WHAT YOU ARE ASKED TO DO:
Your task is to copy the listing exactly. Drop any pictures from the copy.

**** DATA EXCERPT

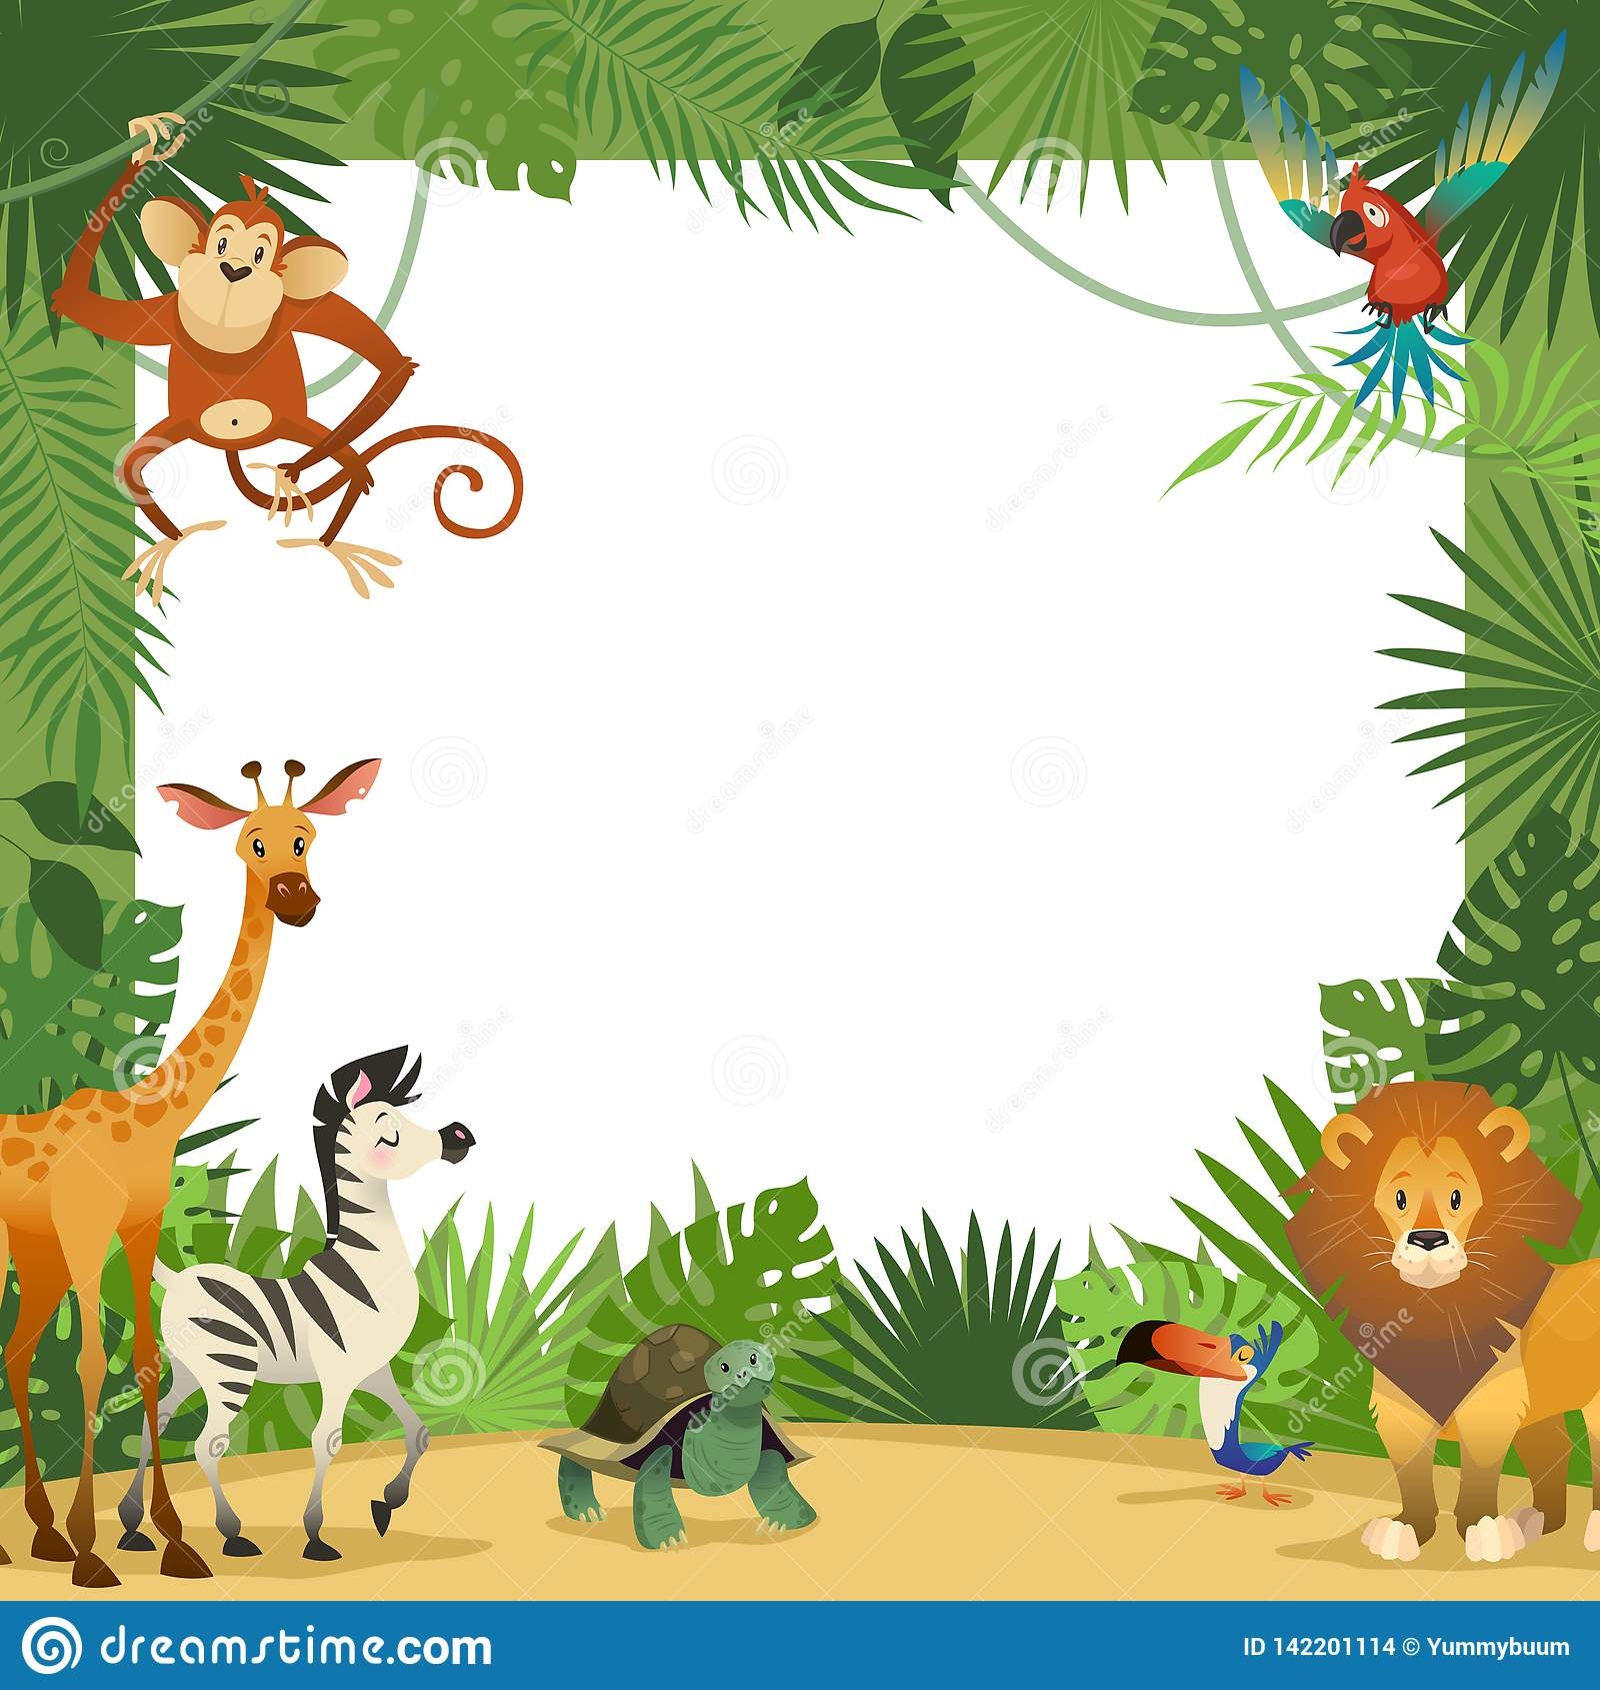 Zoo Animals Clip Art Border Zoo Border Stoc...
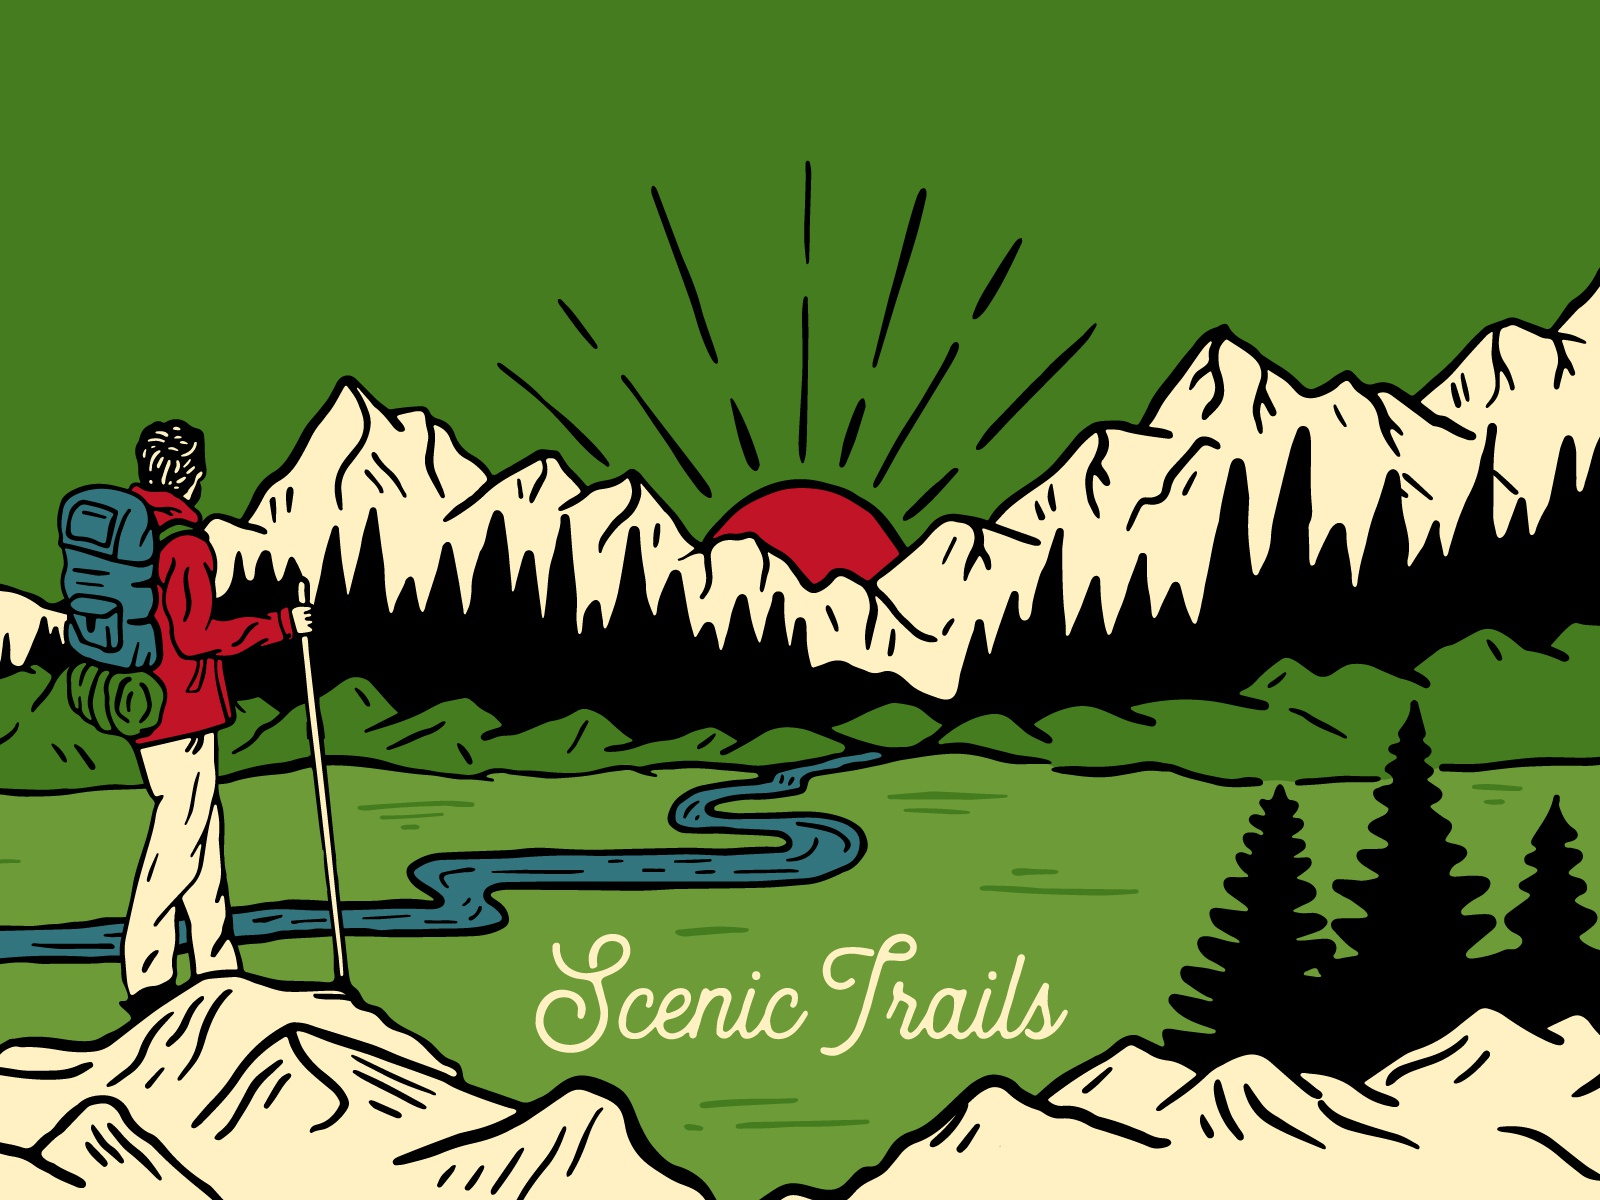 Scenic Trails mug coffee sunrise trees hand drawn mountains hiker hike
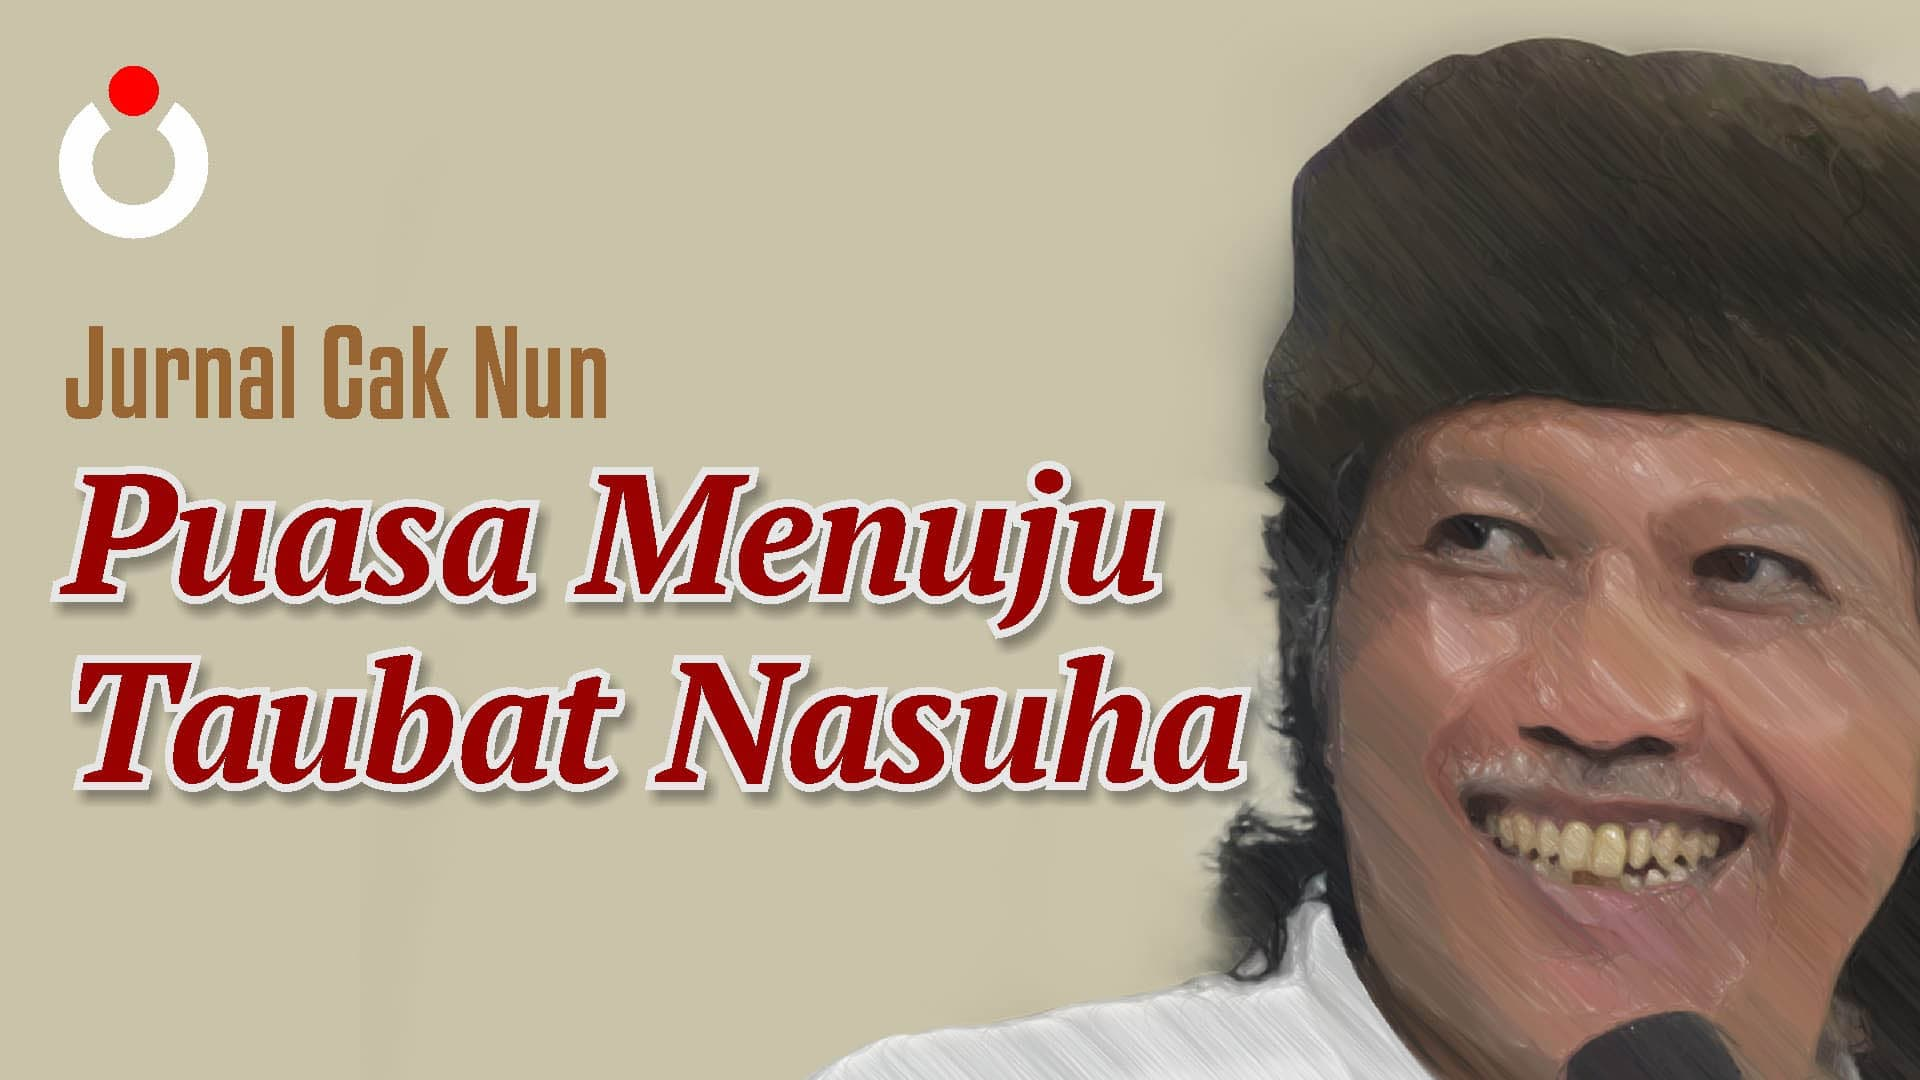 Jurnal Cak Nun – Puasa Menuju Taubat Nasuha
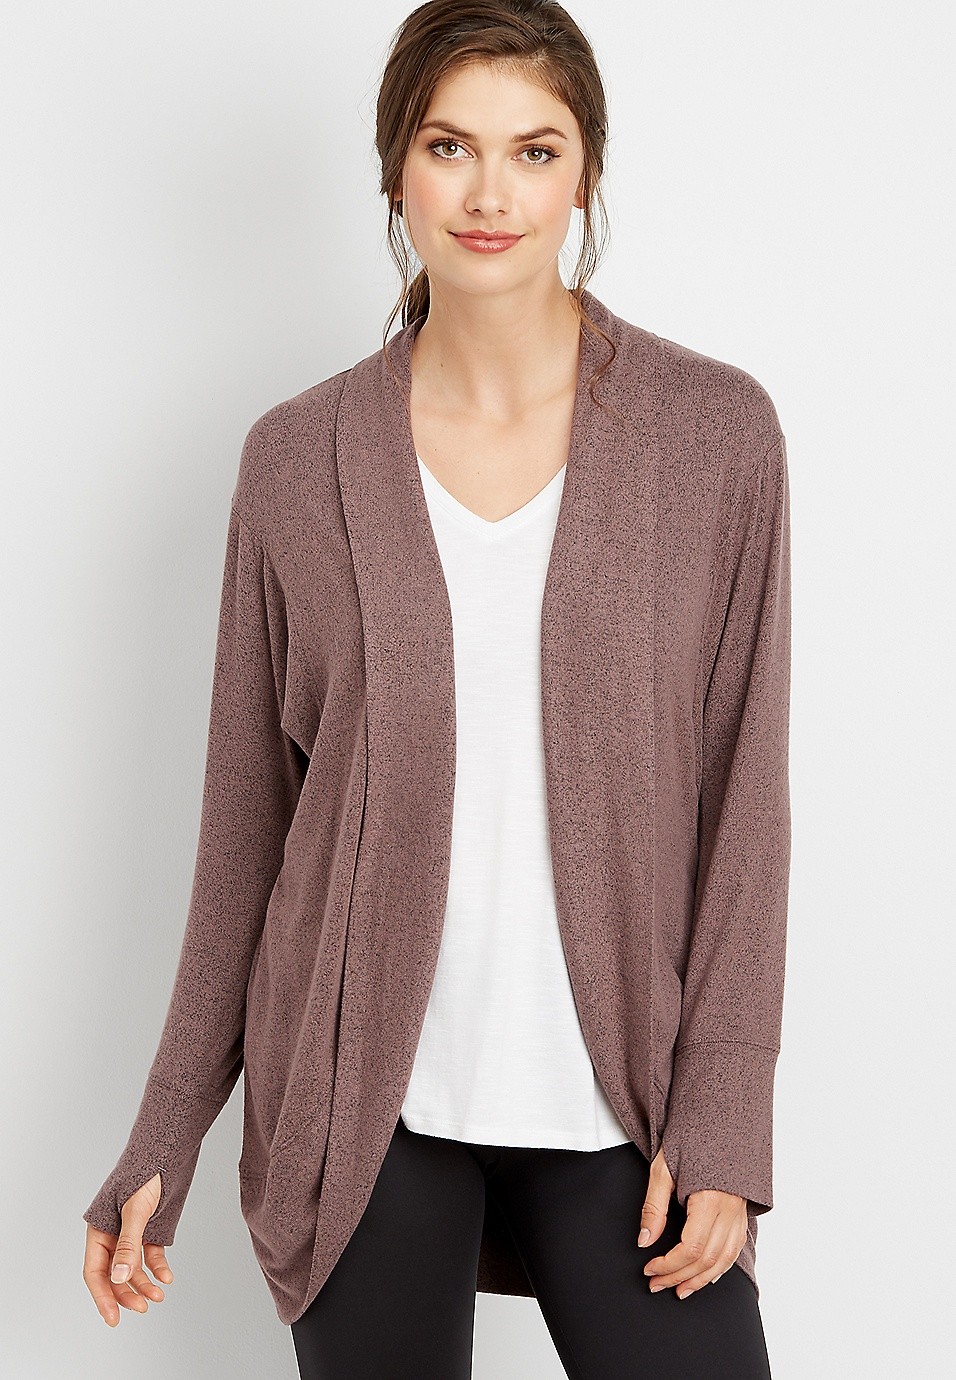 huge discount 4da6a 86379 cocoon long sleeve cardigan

********

RESPONSE TO THE TASK:
 Zoo Animals Clip Art Border Zoo Border Stoc...
 Scenic Trails mug coffee sunrise trees hand drawn mountains hiker hike
 Jurnal Cak Nun – Puasa Menuju Taubat Nasuha
 huge discount 4da6a 86379 cocoon long sleeve cardigan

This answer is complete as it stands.